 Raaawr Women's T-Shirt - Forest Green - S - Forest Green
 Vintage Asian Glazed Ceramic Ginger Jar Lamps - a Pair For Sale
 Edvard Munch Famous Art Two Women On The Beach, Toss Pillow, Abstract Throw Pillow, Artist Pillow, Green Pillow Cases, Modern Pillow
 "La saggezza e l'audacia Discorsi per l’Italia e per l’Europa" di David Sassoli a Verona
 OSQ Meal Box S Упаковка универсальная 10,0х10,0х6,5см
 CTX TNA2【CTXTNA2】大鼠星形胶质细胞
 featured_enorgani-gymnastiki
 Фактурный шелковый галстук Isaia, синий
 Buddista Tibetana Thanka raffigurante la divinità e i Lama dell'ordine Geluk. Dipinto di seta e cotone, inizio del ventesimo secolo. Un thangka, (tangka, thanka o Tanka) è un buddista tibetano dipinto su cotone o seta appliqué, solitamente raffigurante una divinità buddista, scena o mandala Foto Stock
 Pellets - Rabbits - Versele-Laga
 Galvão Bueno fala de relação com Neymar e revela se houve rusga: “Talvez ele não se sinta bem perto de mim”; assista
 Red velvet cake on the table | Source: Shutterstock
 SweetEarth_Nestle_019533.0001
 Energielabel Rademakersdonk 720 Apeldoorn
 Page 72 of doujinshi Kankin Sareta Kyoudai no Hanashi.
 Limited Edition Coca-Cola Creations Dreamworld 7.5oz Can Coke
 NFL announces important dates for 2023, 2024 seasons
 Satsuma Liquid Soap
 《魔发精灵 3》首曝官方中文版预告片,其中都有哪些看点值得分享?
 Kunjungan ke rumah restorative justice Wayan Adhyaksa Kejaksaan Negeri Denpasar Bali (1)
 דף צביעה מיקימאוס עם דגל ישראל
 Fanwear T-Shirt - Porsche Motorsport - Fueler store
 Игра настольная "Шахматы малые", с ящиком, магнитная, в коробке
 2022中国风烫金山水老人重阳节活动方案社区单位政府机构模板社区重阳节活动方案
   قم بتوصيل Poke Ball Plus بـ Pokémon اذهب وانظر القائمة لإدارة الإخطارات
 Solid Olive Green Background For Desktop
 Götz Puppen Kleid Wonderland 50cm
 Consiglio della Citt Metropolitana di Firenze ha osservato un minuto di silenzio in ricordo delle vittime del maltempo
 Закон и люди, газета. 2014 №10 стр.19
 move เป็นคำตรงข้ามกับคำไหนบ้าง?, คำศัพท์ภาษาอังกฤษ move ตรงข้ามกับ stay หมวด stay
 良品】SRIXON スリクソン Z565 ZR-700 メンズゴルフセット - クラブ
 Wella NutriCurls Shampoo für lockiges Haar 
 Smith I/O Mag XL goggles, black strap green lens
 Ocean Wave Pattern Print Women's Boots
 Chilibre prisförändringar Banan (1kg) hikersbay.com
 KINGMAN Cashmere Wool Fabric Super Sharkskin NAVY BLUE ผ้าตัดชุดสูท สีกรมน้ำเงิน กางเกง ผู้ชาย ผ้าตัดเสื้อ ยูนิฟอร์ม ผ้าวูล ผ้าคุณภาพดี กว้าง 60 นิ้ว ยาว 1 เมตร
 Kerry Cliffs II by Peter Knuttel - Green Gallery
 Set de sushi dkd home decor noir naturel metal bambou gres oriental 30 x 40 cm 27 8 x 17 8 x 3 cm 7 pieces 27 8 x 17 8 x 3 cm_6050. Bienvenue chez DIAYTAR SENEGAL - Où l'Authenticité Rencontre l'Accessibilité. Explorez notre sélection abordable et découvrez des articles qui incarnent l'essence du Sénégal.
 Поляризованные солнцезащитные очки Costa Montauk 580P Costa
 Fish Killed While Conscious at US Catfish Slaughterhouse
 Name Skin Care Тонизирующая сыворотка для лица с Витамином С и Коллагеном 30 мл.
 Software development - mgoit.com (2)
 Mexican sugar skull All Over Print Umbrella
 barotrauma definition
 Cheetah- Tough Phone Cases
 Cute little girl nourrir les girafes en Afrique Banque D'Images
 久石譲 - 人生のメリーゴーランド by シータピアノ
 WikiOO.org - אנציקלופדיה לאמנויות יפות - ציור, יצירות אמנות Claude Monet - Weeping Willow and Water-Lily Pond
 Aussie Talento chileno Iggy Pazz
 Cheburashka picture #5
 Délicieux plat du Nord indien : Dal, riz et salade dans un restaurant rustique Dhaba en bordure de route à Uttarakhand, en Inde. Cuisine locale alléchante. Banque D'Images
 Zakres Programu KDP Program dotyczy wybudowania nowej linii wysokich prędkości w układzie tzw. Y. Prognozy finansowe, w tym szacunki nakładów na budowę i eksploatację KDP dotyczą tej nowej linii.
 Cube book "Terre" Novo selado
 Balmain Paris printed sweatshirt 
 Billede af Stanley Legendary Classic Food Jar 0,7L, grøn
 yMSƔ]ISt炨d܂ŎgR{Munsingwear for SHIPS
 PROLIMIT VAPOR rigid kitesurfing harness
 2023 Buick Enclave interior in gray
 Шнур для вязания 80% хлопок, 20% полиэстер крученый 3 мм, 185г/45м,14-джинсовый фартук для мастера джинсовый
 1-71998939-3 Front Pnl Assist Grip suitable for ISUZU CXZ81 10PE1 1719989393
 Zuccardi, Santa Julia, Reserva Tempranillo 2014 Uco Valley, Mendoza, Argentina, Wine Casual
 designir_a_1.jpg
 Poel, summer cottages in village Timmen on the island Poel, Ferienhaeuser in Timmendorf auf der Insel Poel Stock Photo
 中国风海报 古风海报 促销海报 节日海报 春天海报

**Your objective**
Everything from the line containing "Chilibre prisförändringar Banan" through the line containing "Kerry Cliffs II" in the material above should be retyped exactly, both ends included, and nothing more.

**Answer to this problem**
 Chilibre prisförändringar Banan (1kg) hikersbay.com
 KINGMAN Cashmere Wool Fabric Super Sharkskin NAVY BLUE ผ้าตัดชุดสูท สีกรมน้ำเงิน กางเกง ผู้ชาย ผ้าตัดเสื้อ ยูนิฟอร์ม ผ้าวูล ผ้าคุณภาพดี กว้าง 60 นิ้ว ยาว 1 เมตร
 Kerry Cliffs II by Peter Knuttel - Green Gallery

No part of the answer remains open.